> **ACTIVITY**:
Leave the pictures out. Return all other data exactly.

> **DATA BELOW**:
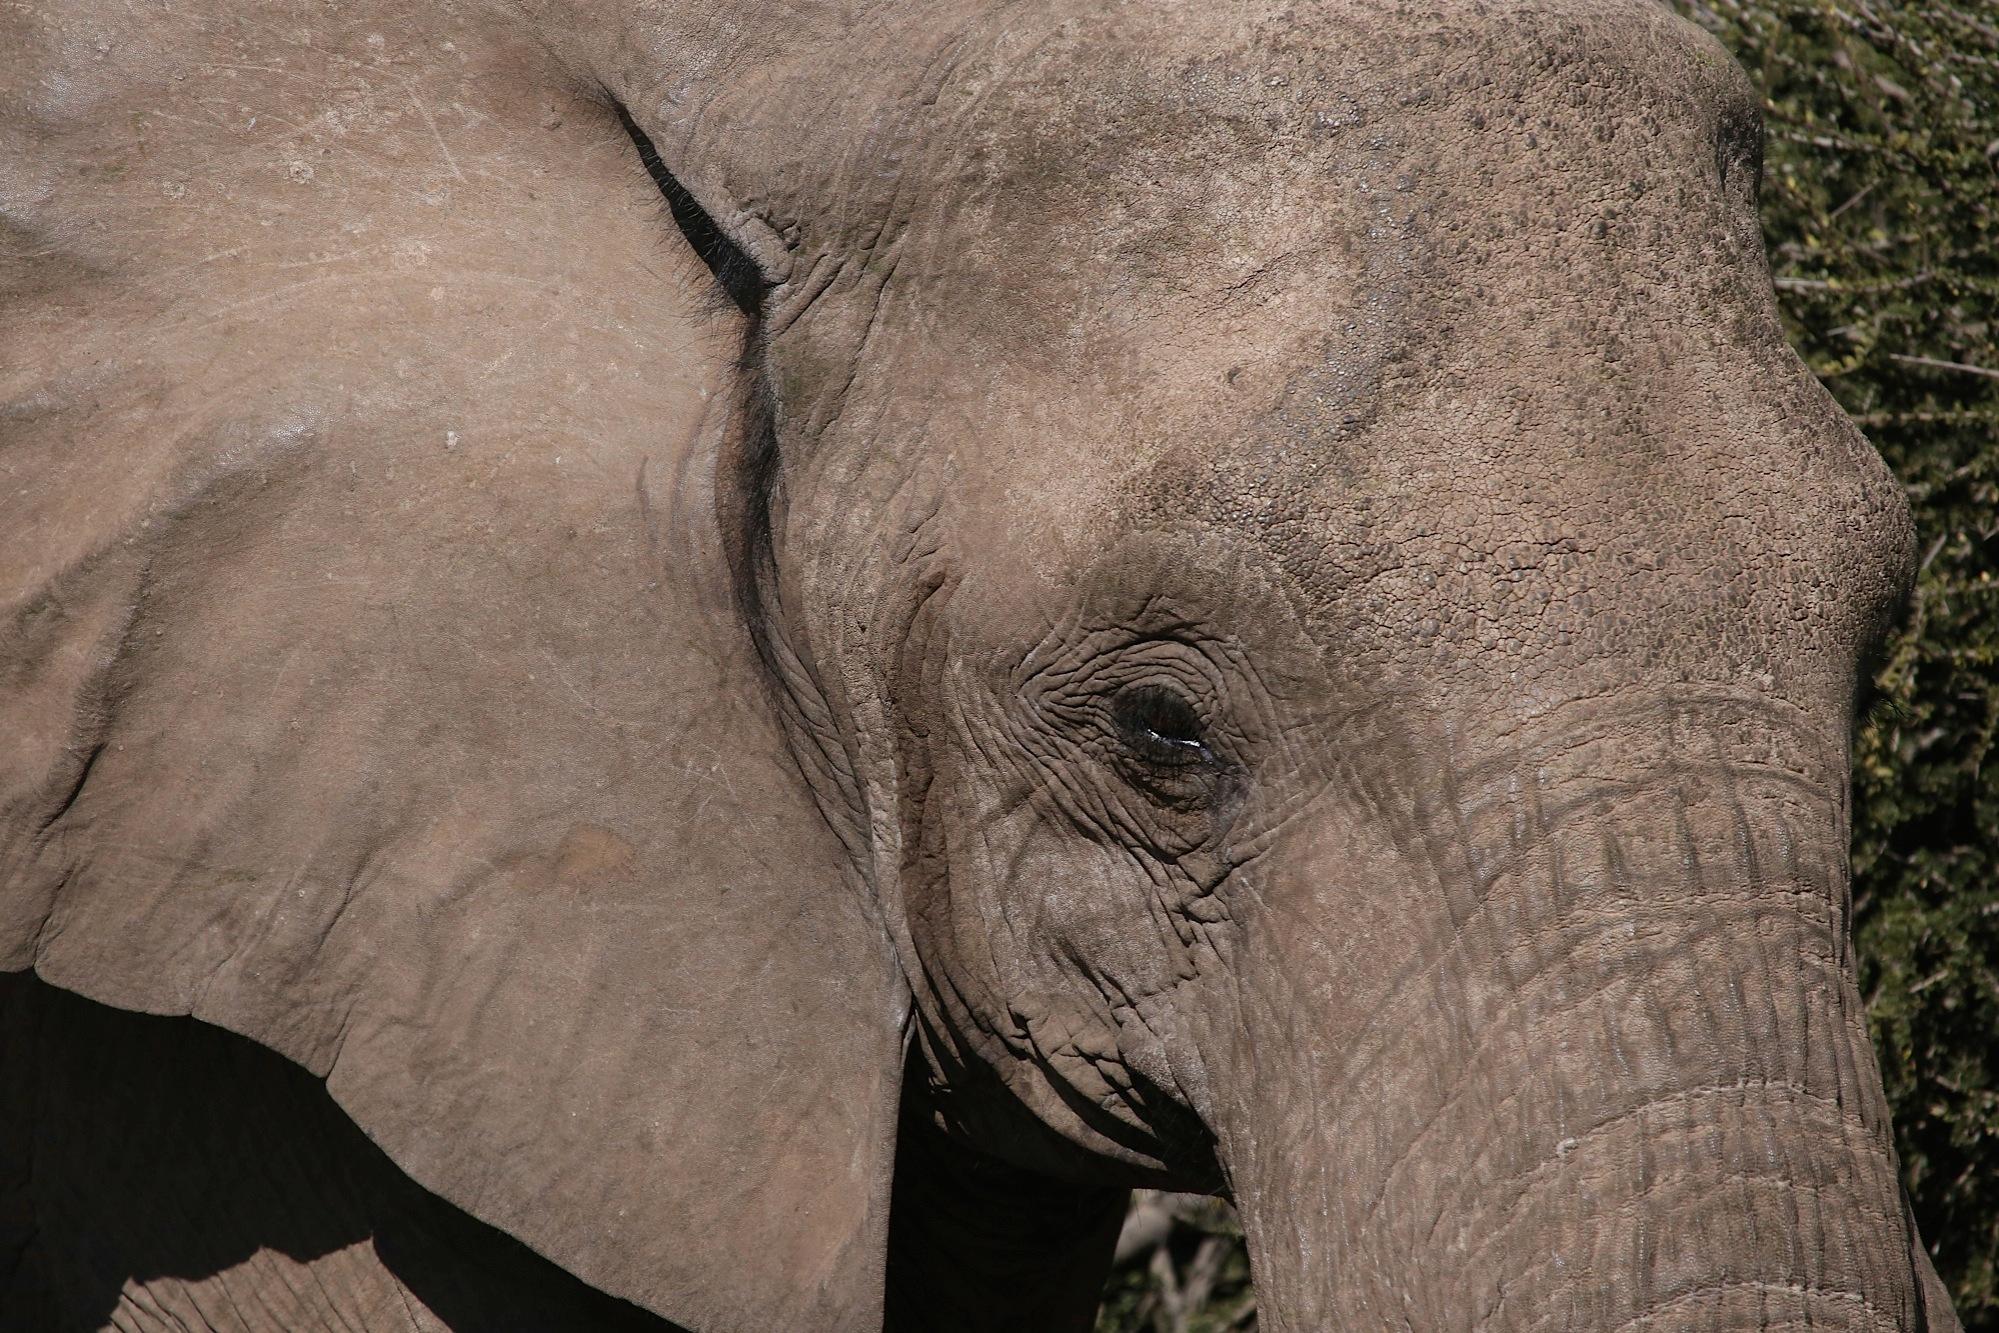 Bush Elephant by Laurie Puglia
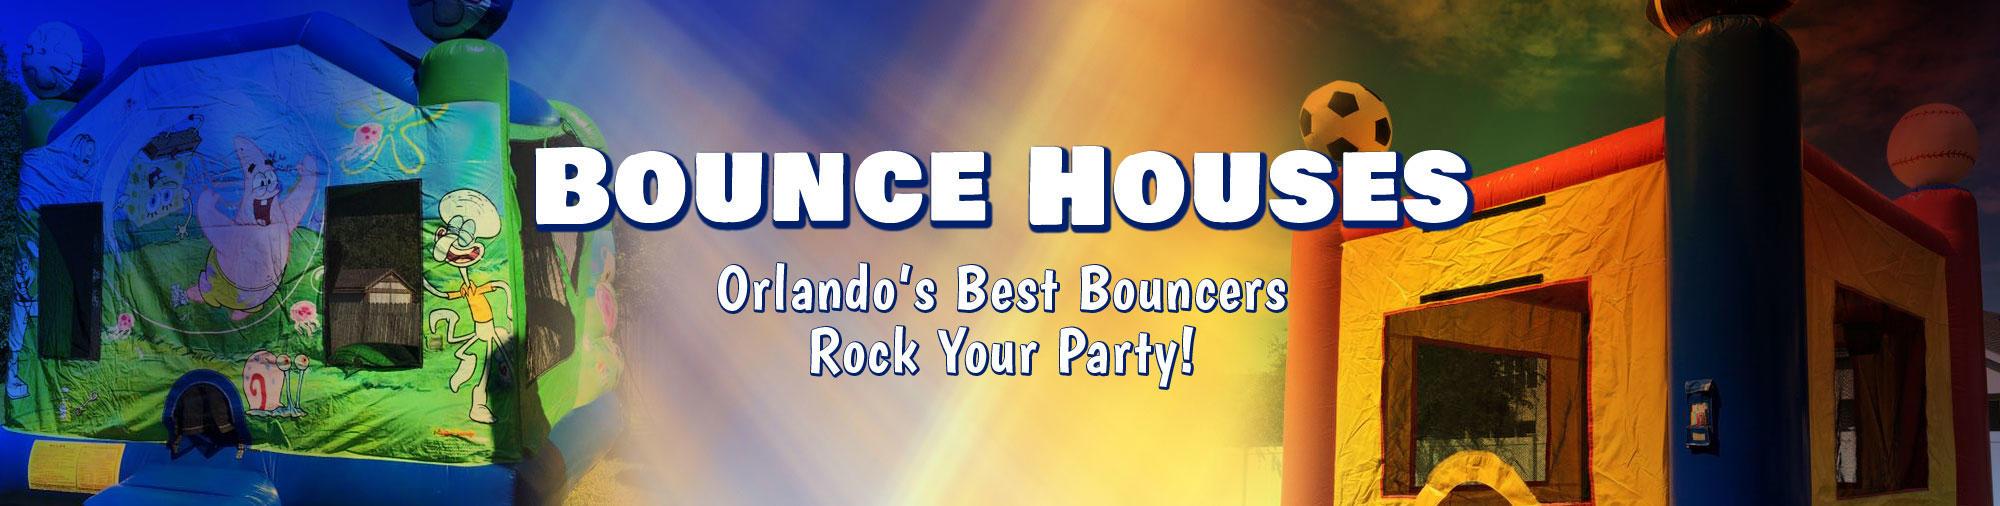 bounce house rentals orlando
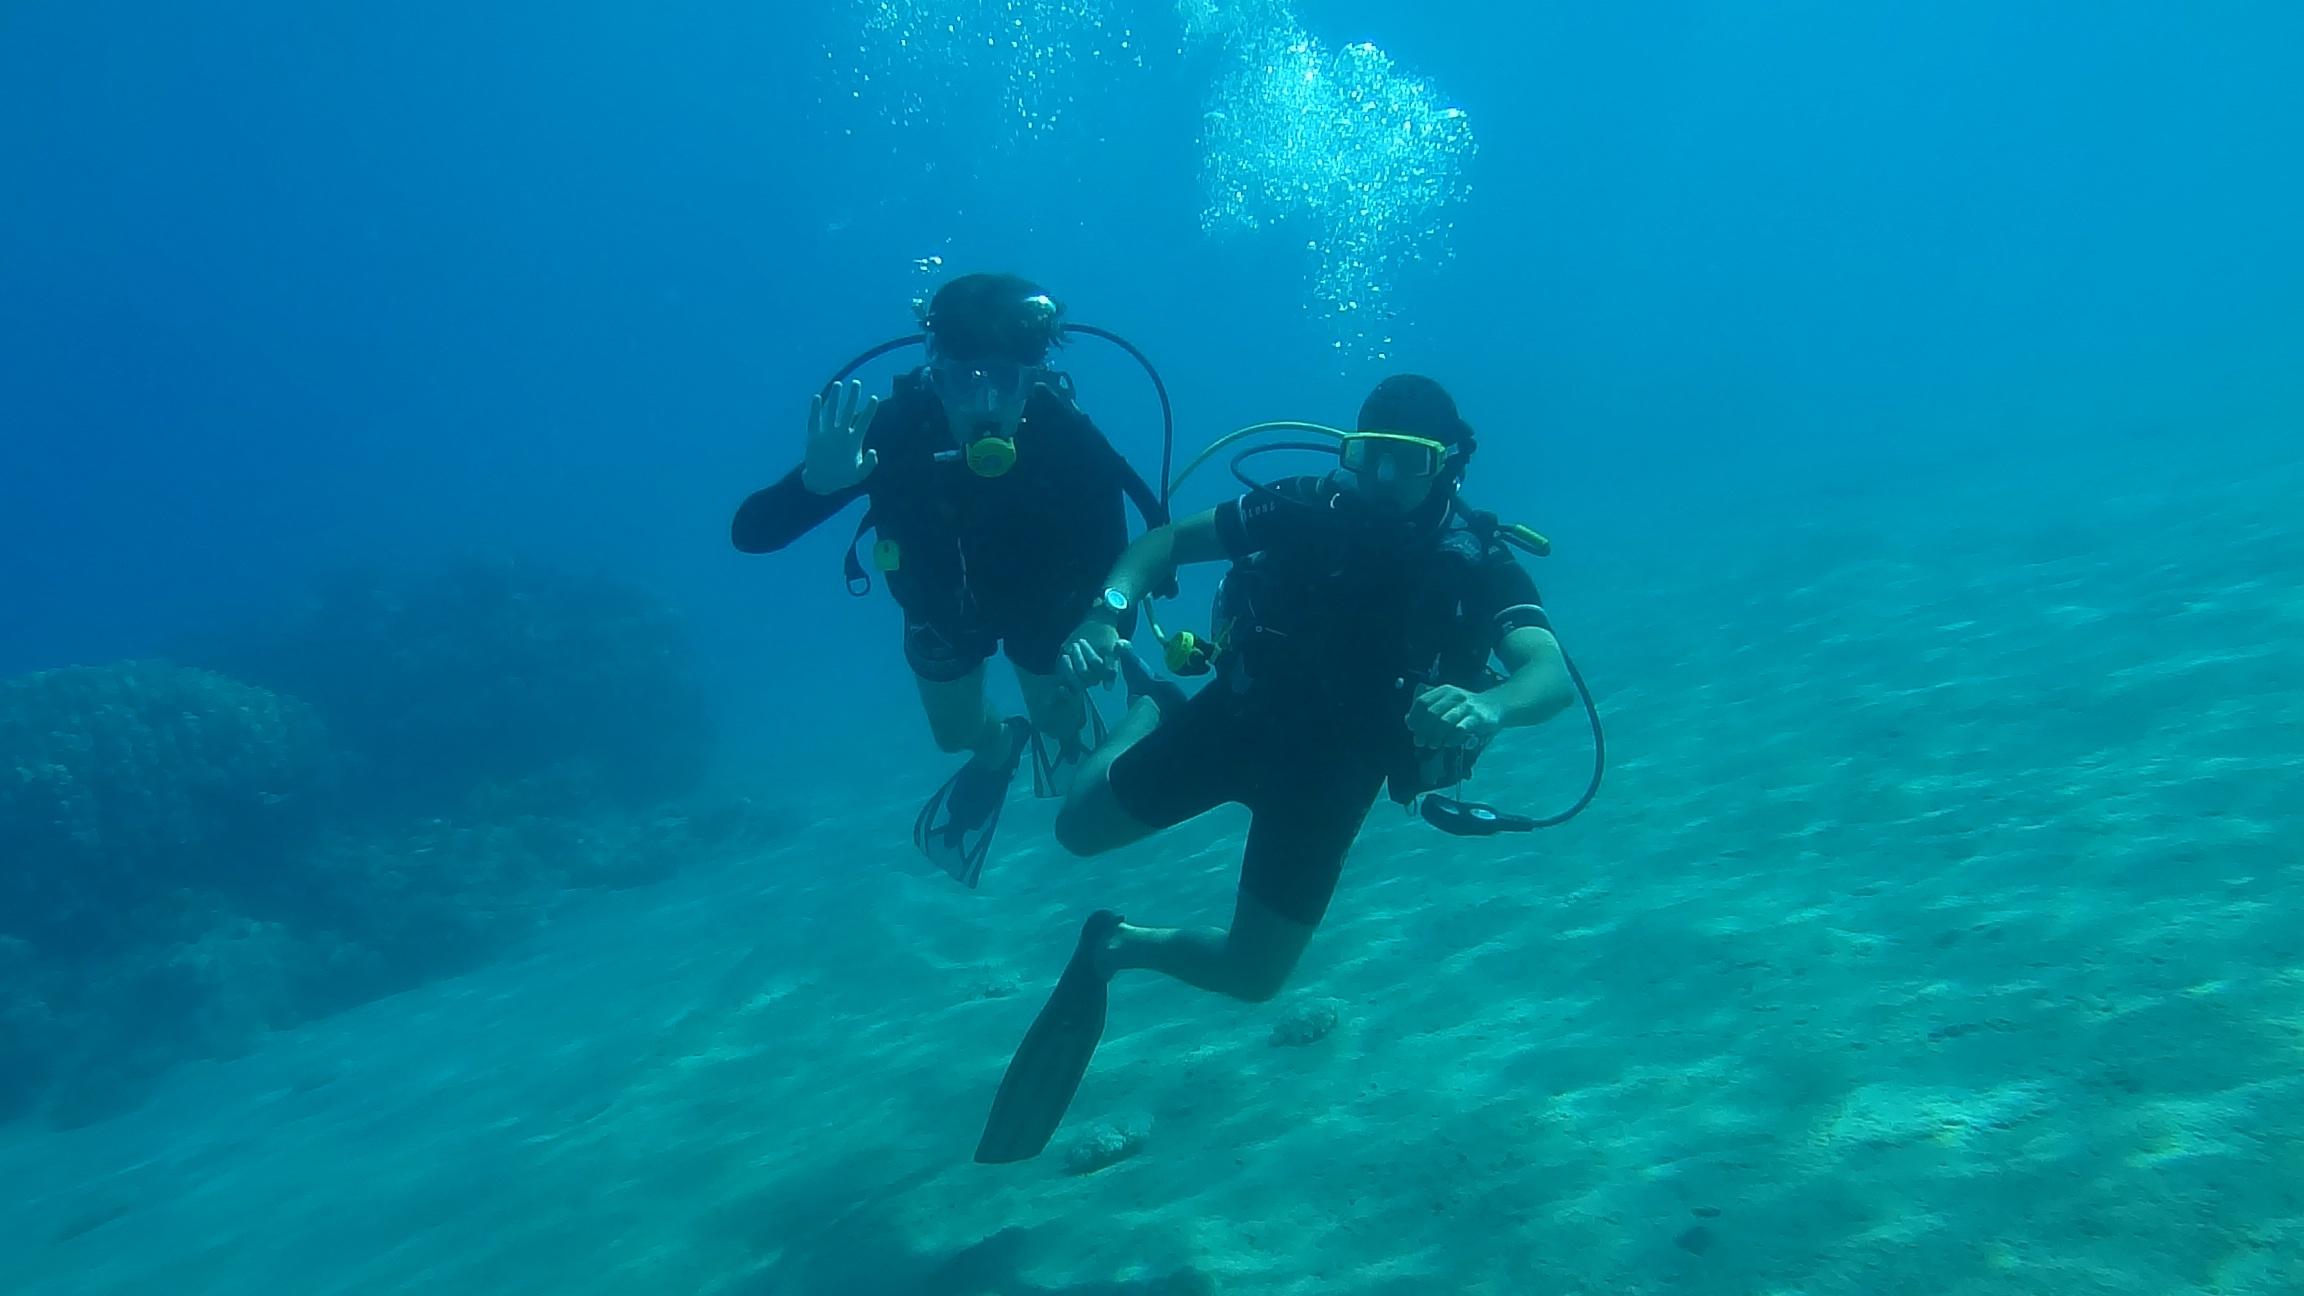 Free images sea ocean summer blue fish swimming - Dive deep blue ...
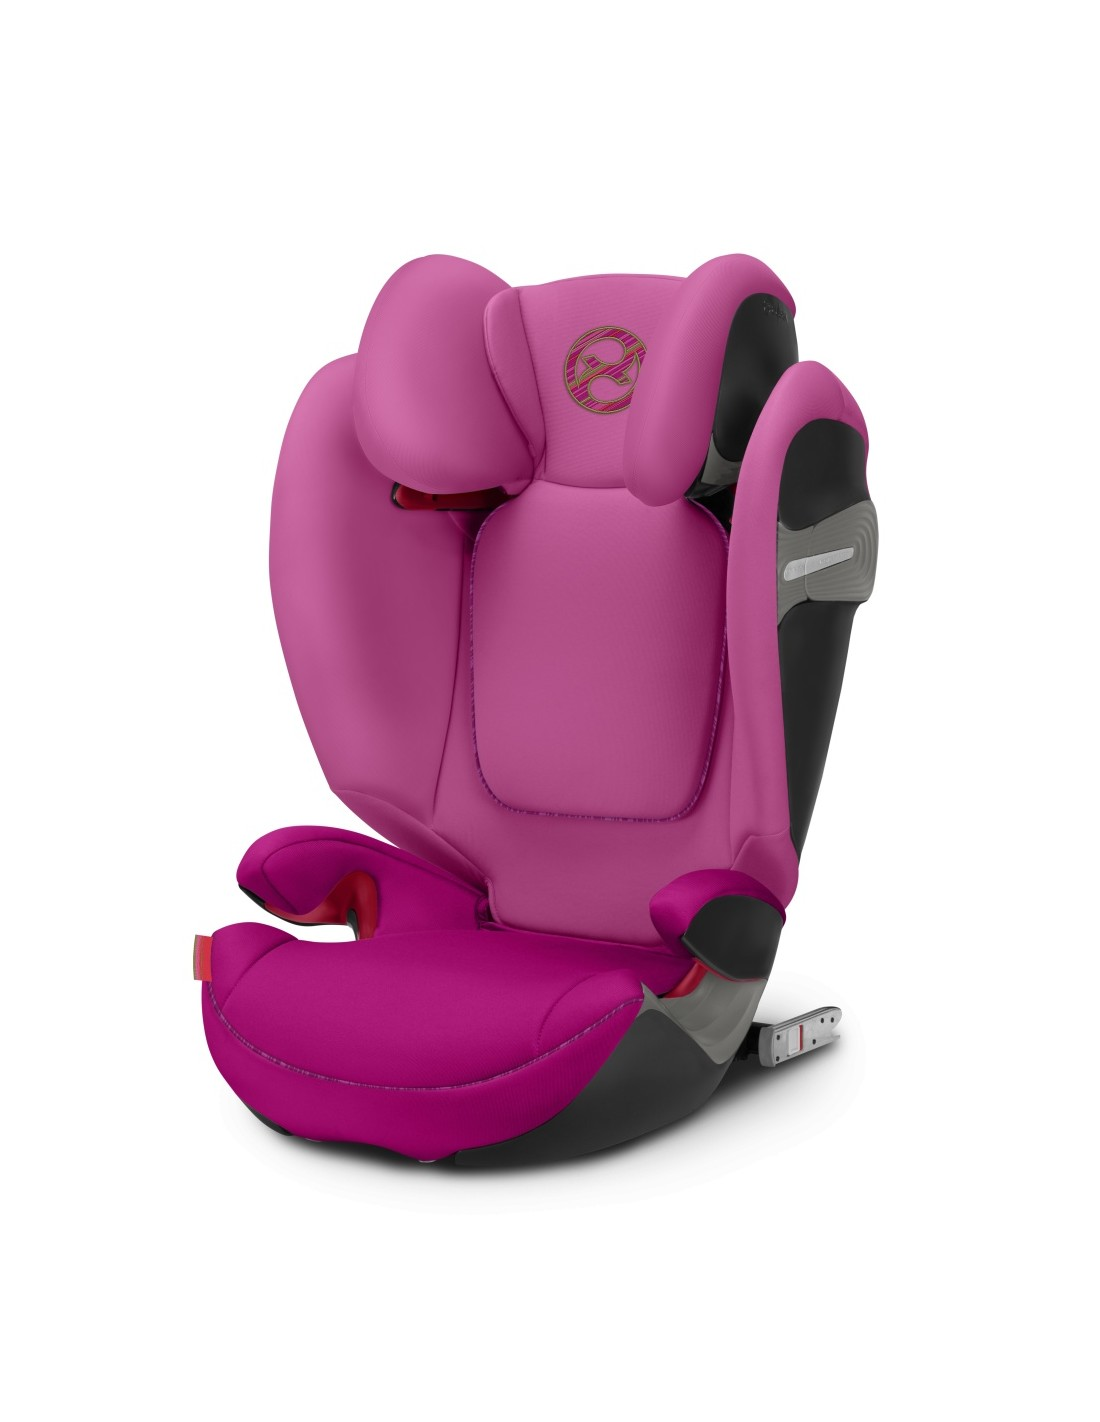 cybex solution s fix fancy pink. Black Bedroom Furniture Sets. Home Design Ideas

> **TASK RESPONSE**:
 Bush Elephant by Laurie Puglia
 bounce house rentals orlando
 Free images sea ocean summer blue fish swimming - Dive deep blue ...
 cybex solution s fix fancy pink. Black Bedroom Furniture Sets. Home Design Ideas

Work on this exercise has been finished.